===== Given information

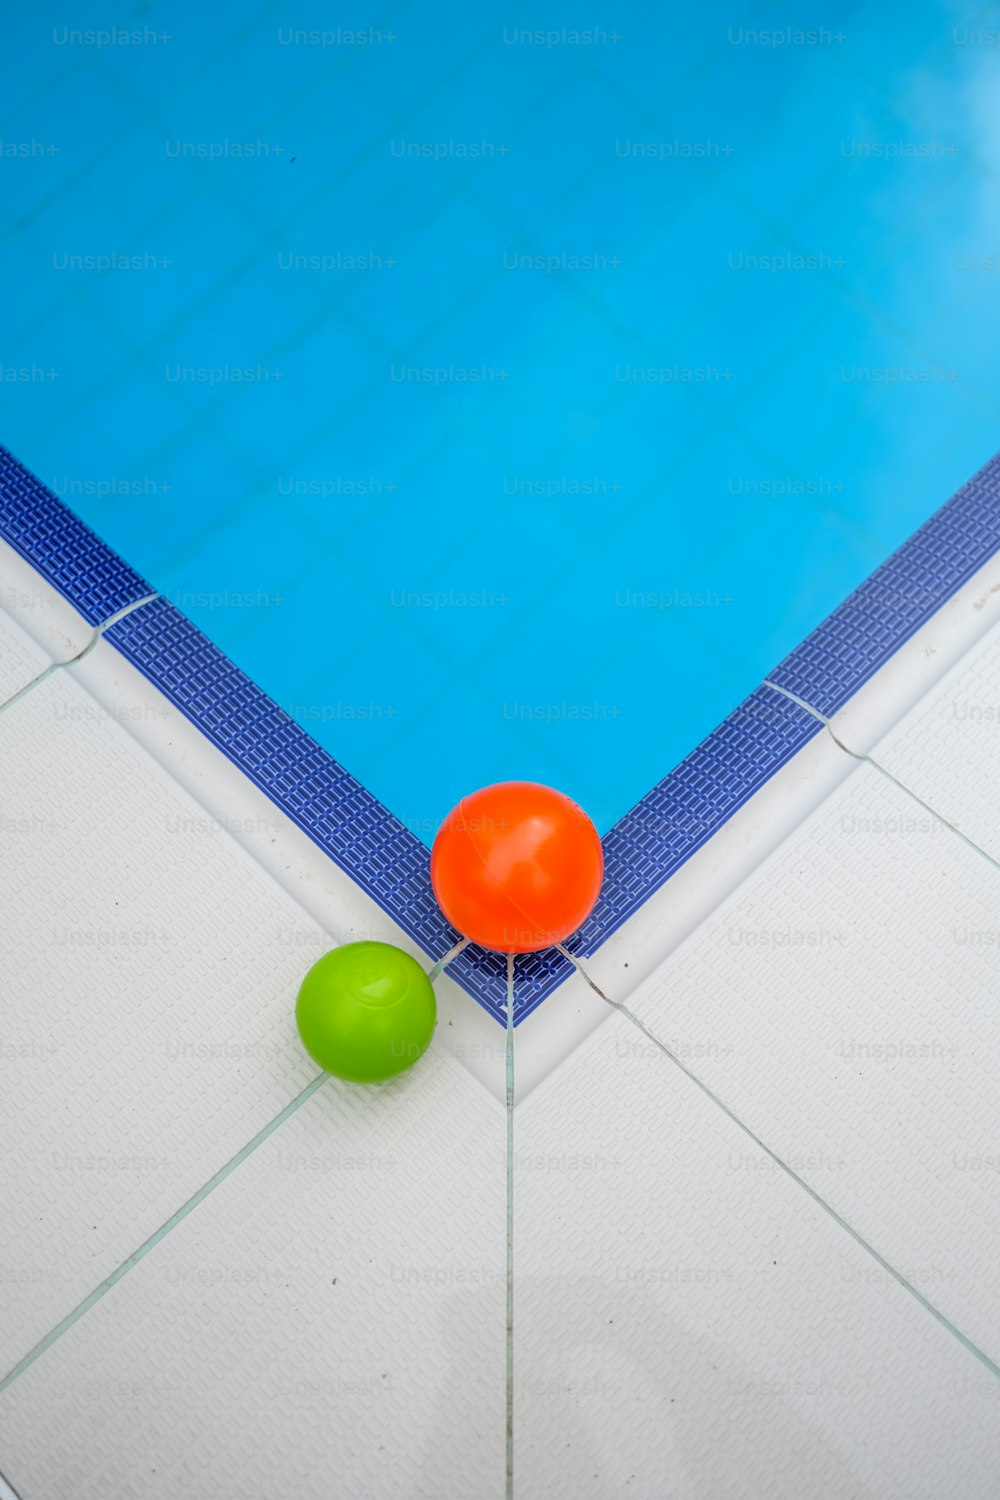 2つのボールとネットのあるプール
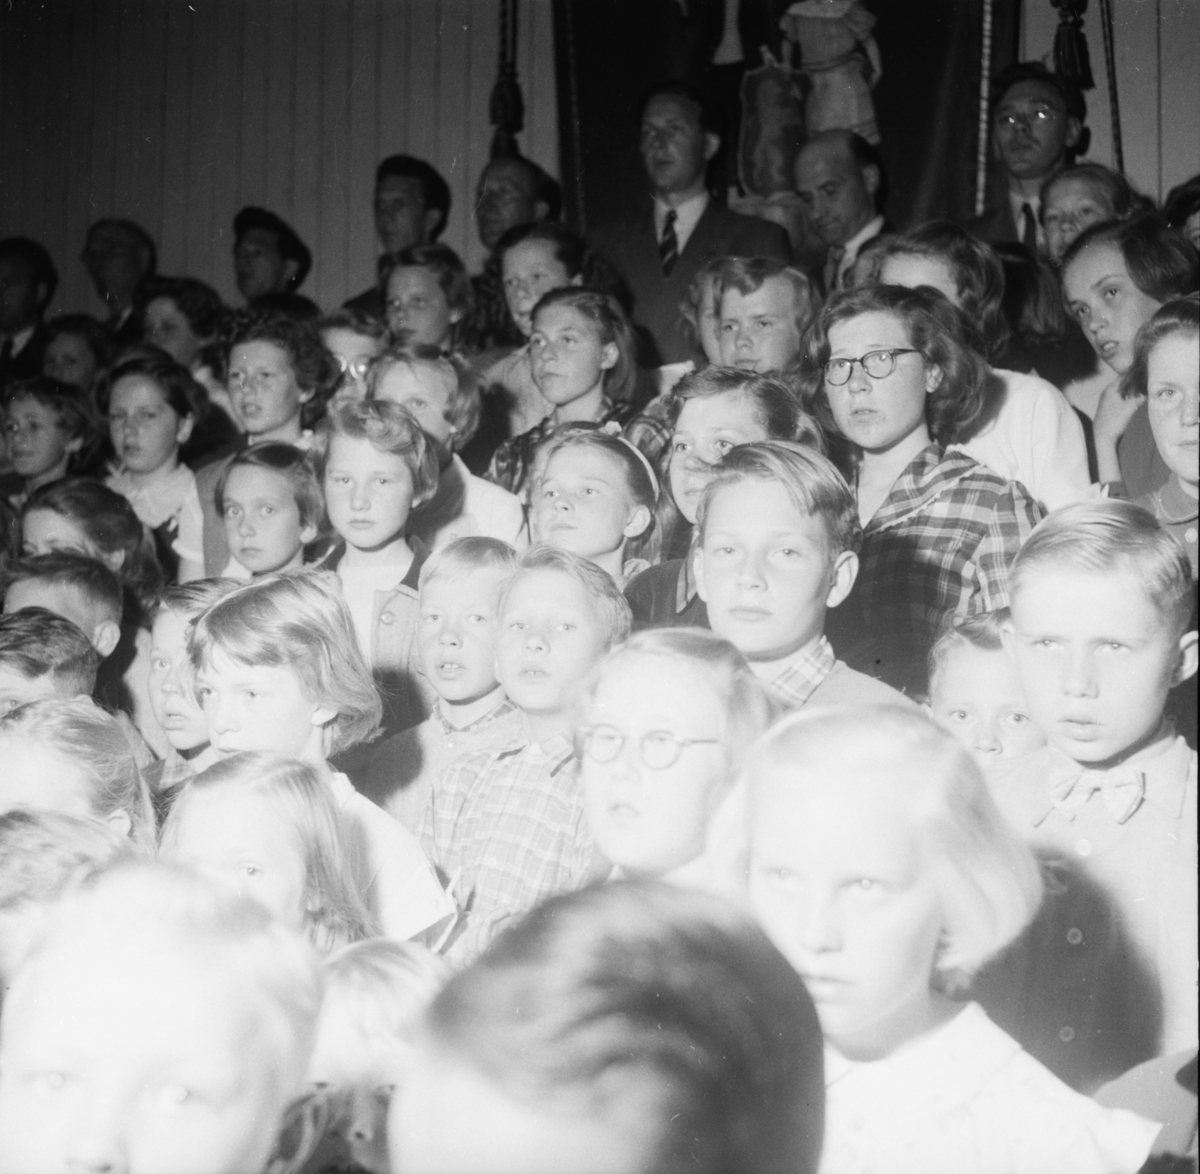 Vardens arkiv. "Skolekonsert på Lunde skole kl. 18.00"  13.05.1954
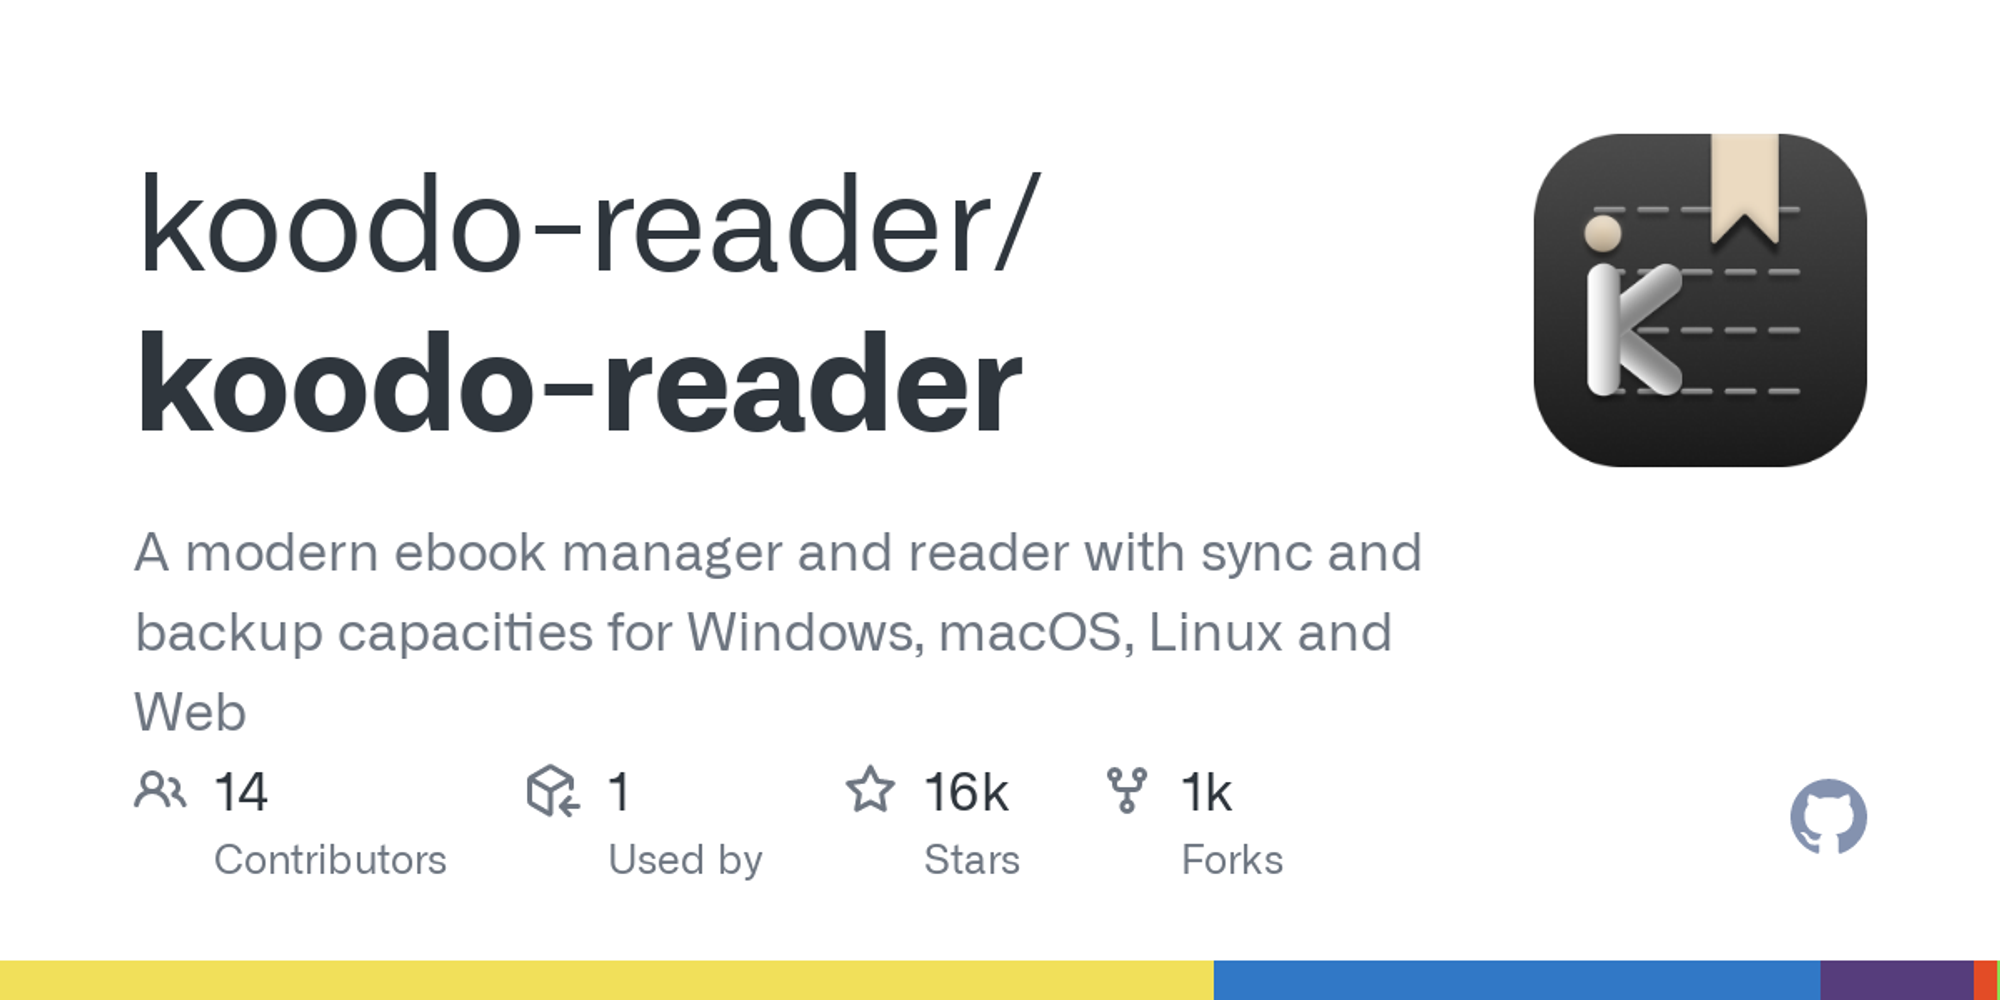 koodo-reader/public/lib at master · troyeguo/koodo-reader
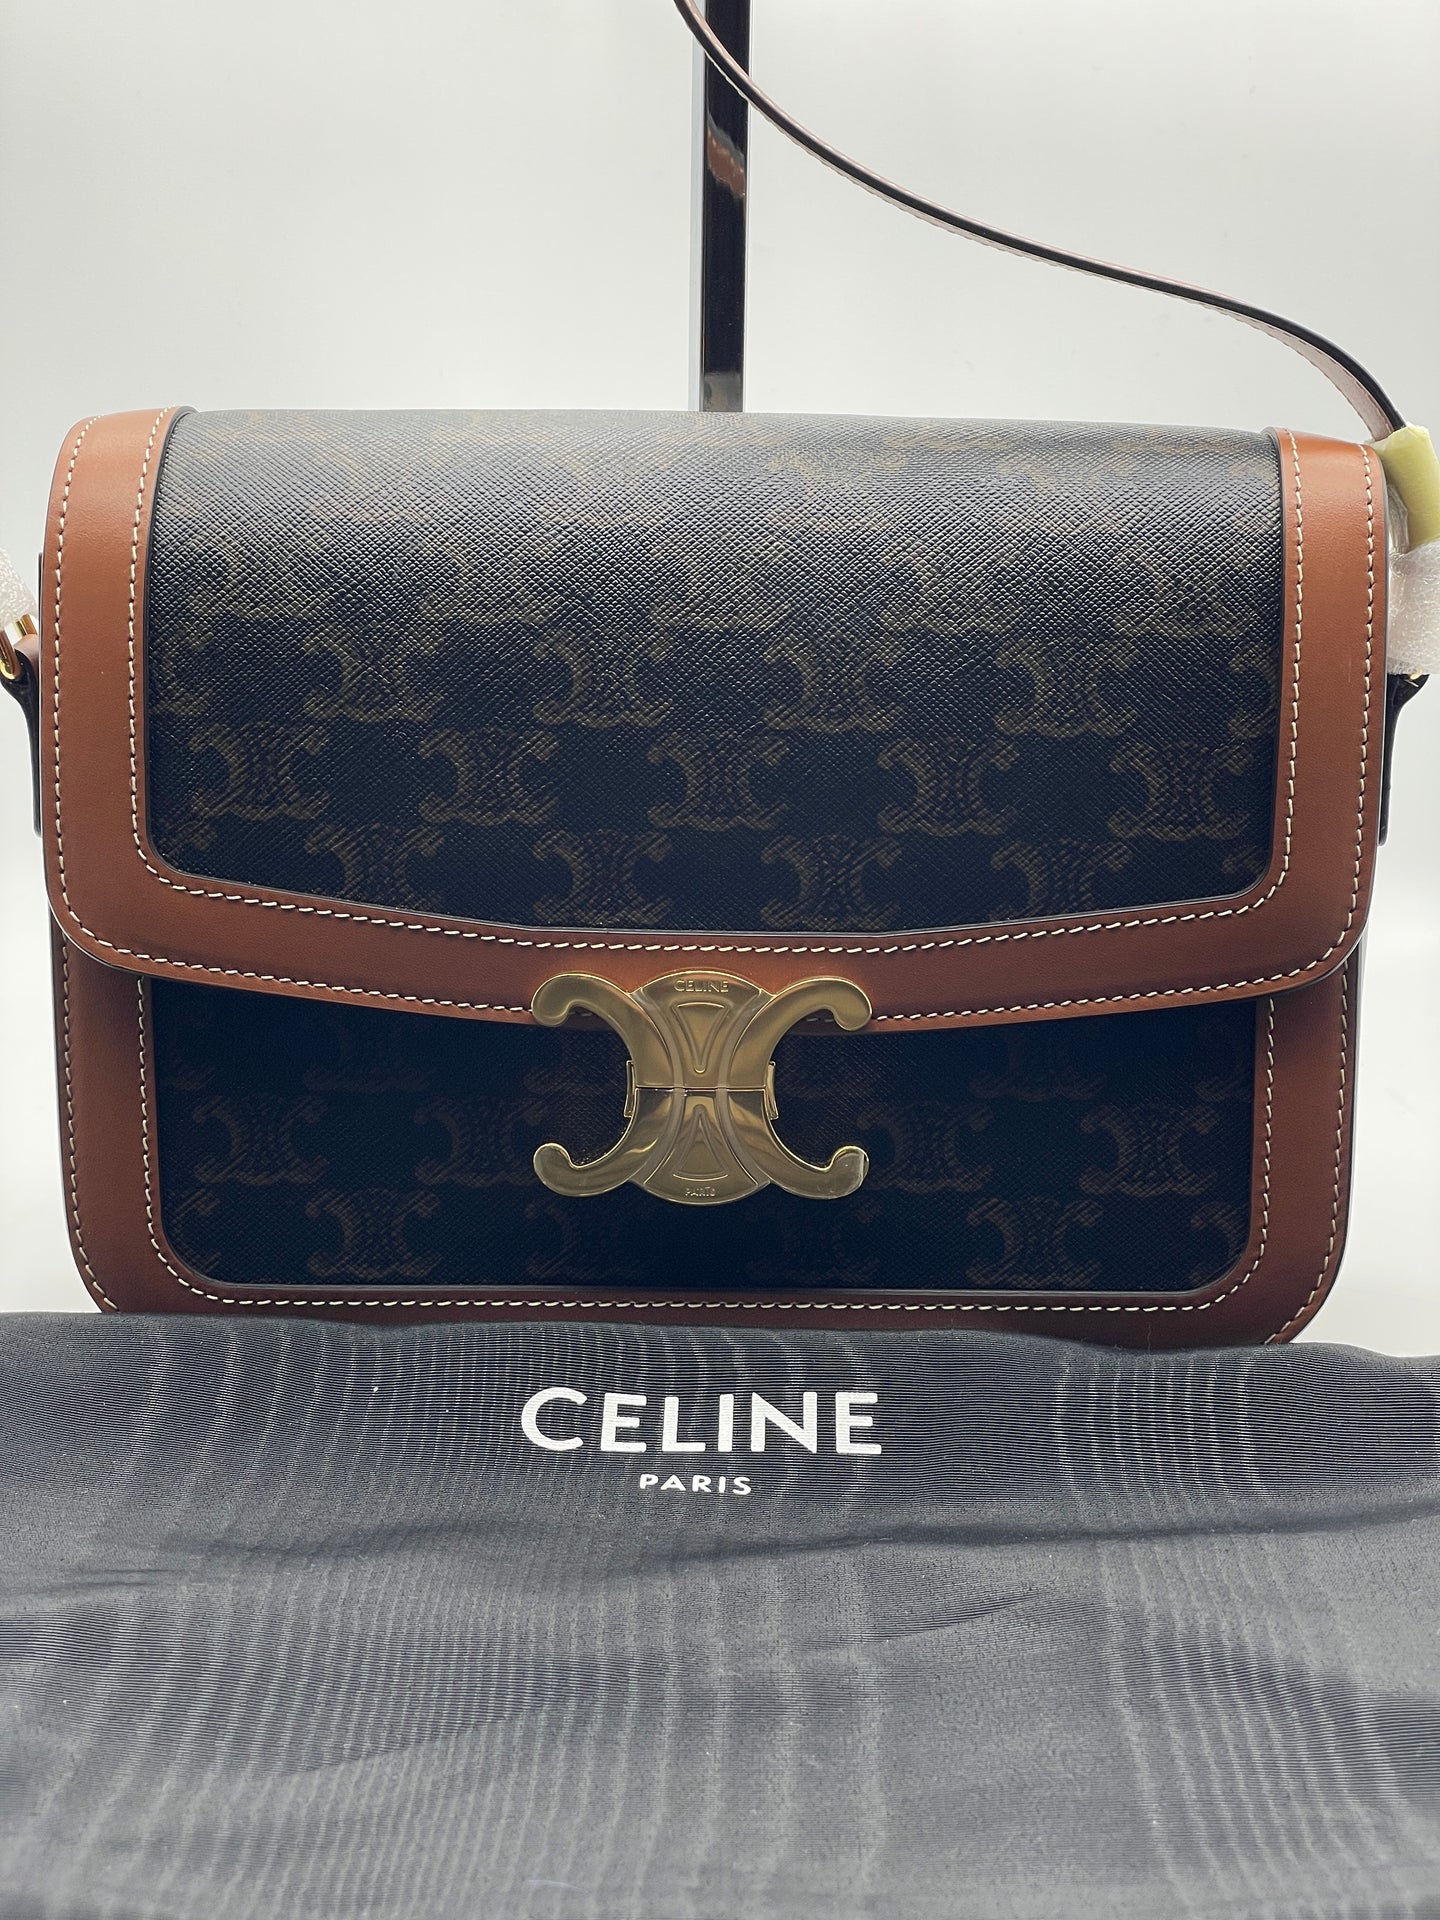 Celine Triomphe Canvas Bag Collection
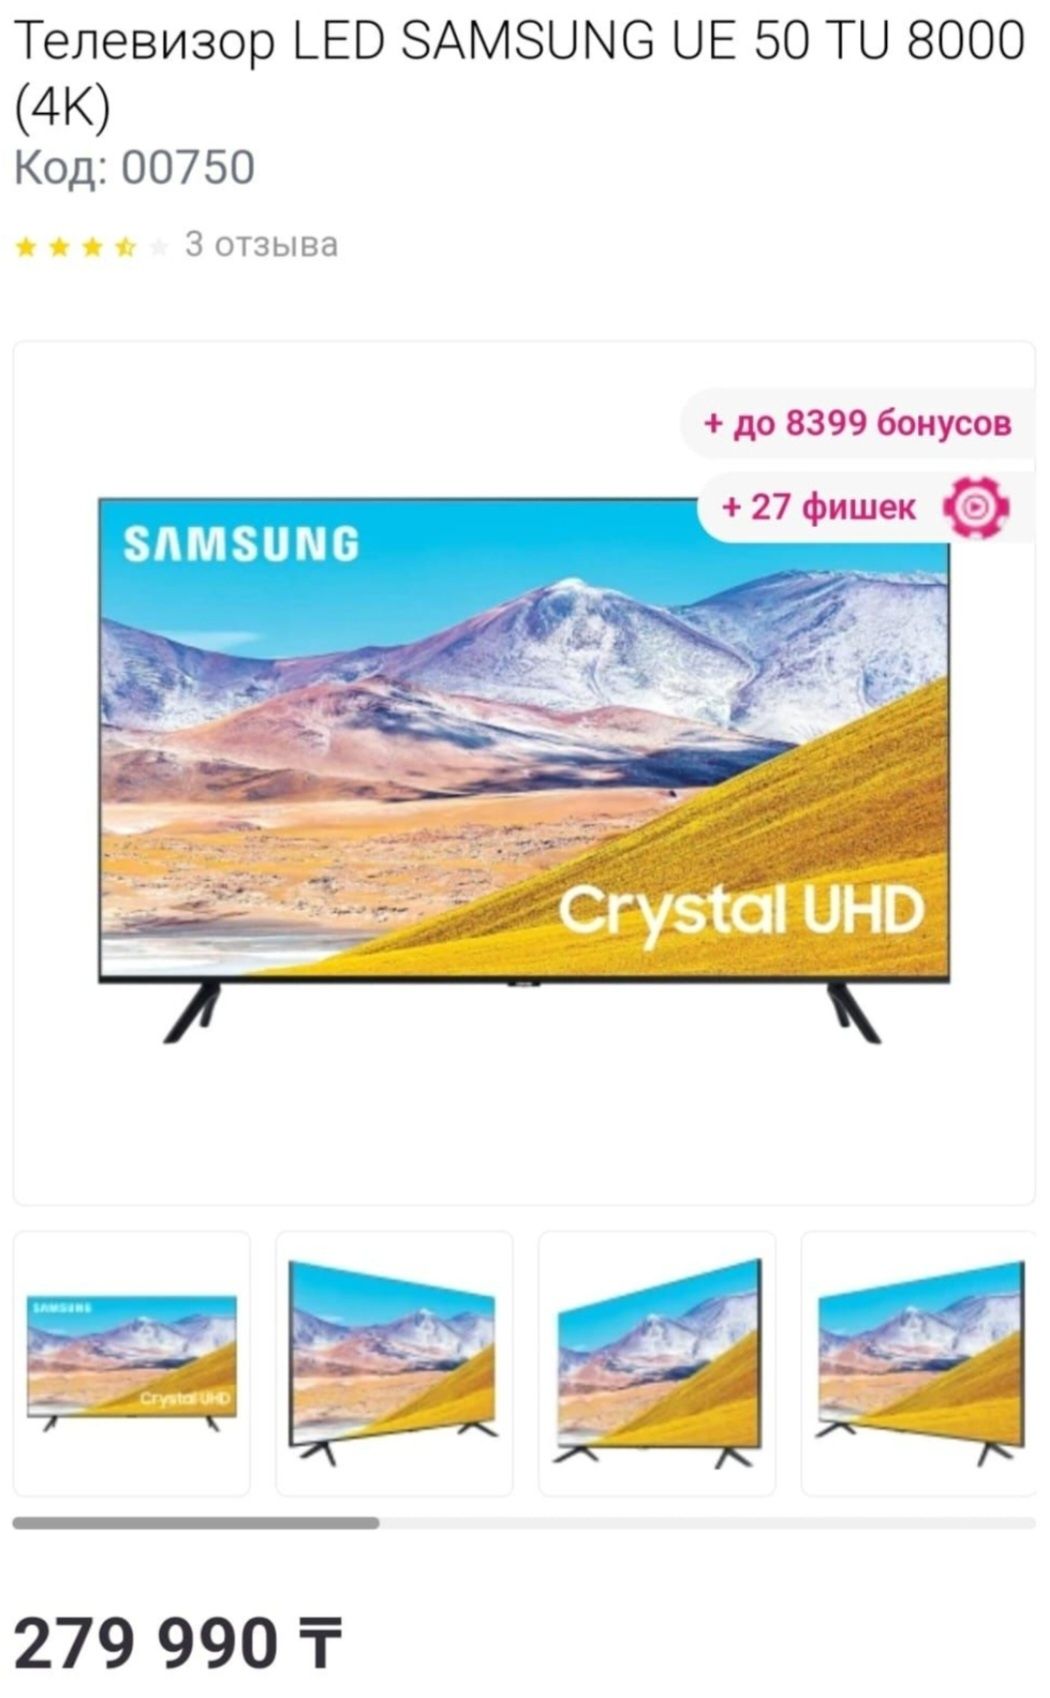 Большой 4К смарт телевизор Samsung 50 дюймов.

==========

> [Task statement] Pictures aside, reproduce the listing above exactly.

> [The completed task]
 2つのボールとネットのあるプール
 Vardens arkiv. "Skolekonsert på Lunde skole kl. 18.00"  13.05.1954
 koodo-reader/public/lib at master · troyeguo/koodo-reader
 Celine Triomphe Canvas Bag Collection
 Большой 4К смарт телевизор Samsung 50 дюймов.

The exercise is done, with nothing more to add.